What you should do: The copy must match the data below line for line and contain no images.

Data section:
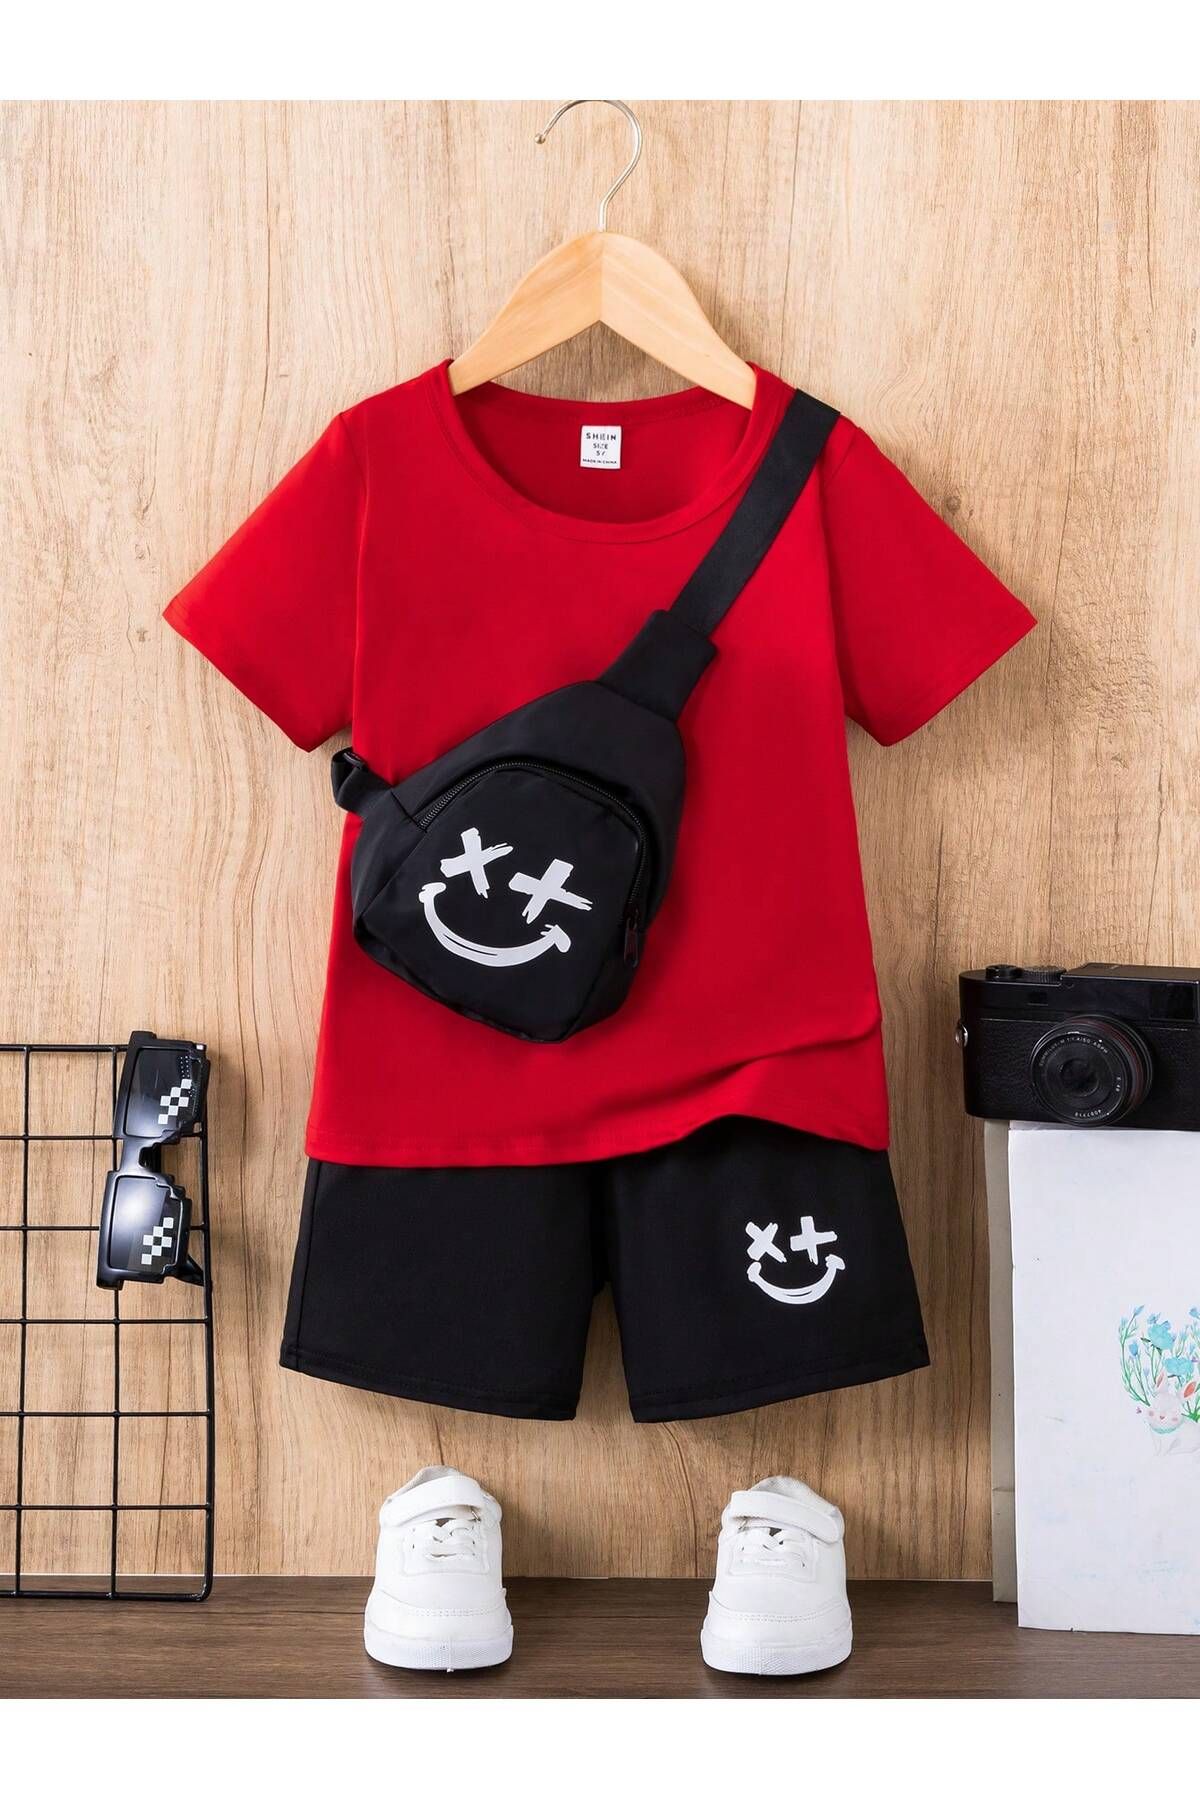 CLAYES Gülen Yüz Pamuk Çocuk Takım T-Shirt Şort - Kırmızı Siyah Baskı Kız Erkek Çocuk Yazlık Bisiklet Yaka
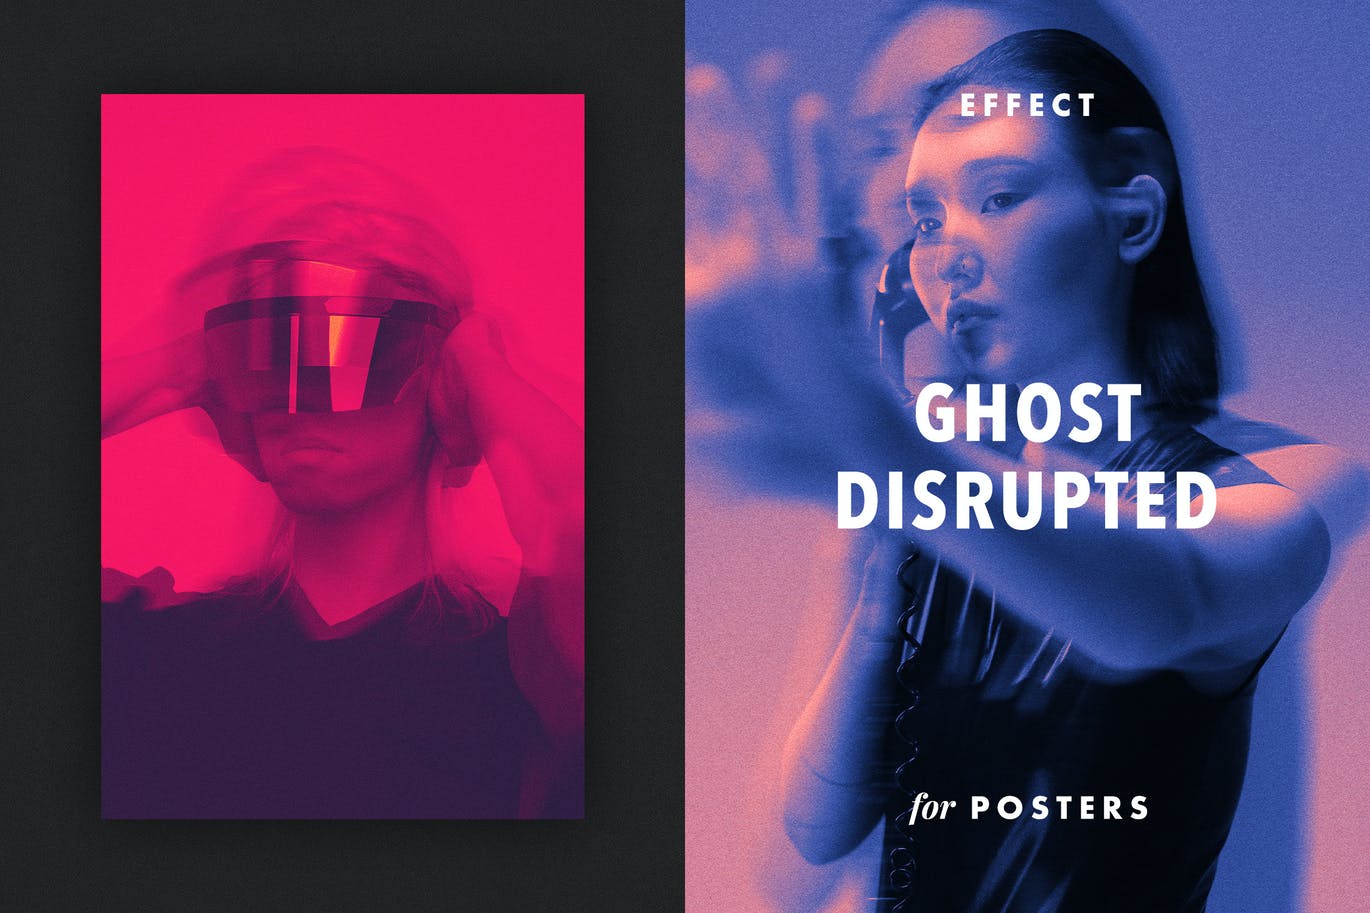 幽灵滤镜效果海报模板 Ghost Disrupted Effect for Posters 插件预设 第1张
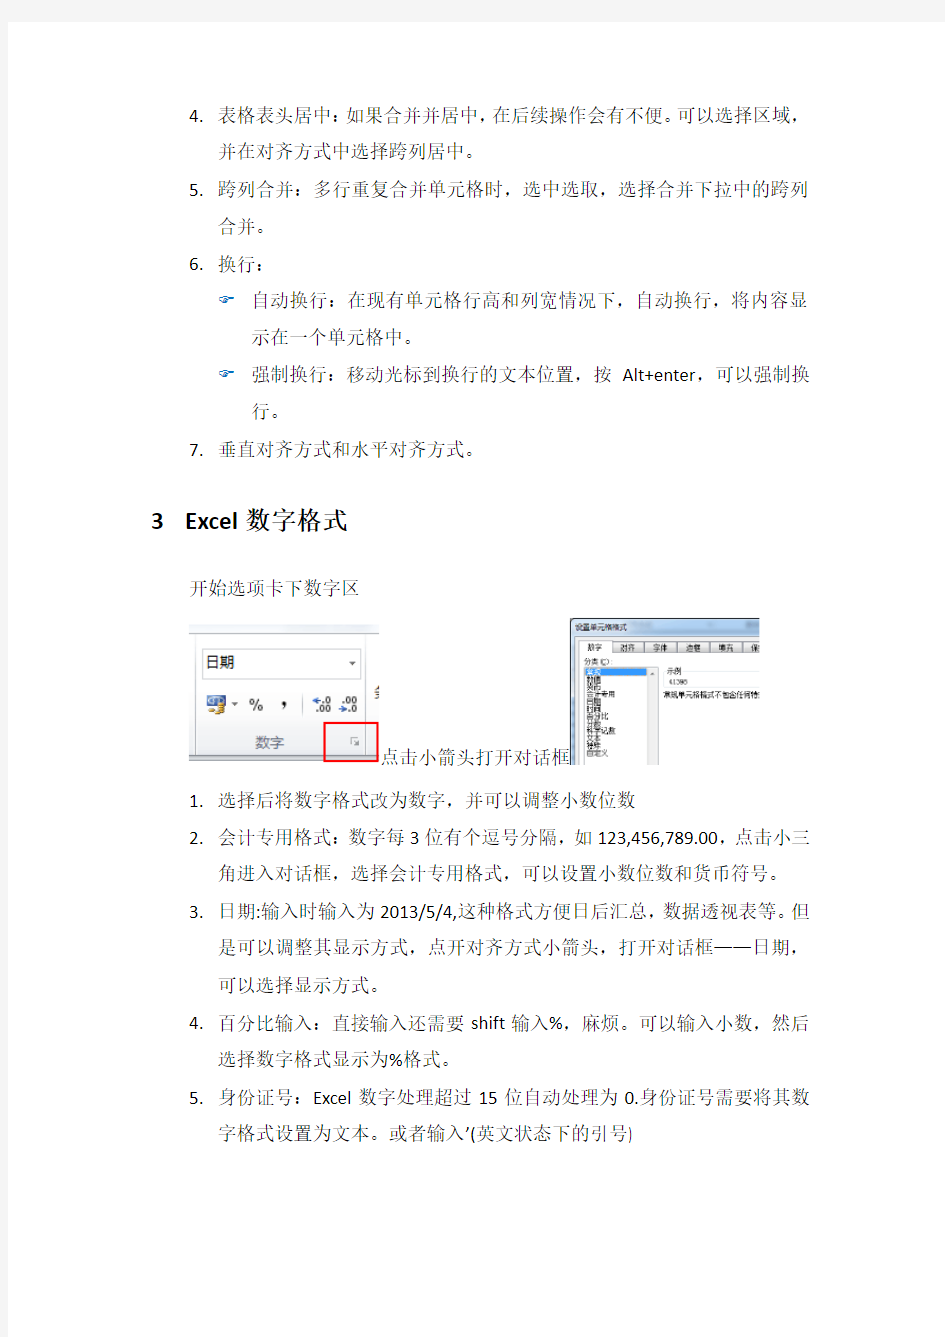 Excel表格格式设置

Solved problem:
 CLAYES Gülen Yüz Pamuk Çocuk Takım T-Shirt Şort - Kırmızı Siyah Baskı Kız Erkek Çocuk Yazlık Bisiklet Yaka
 幽灵滤镜效果海报模板 Ghost Disrupted Effect for Posters 插件预设 第1张
 Excel表格格式设置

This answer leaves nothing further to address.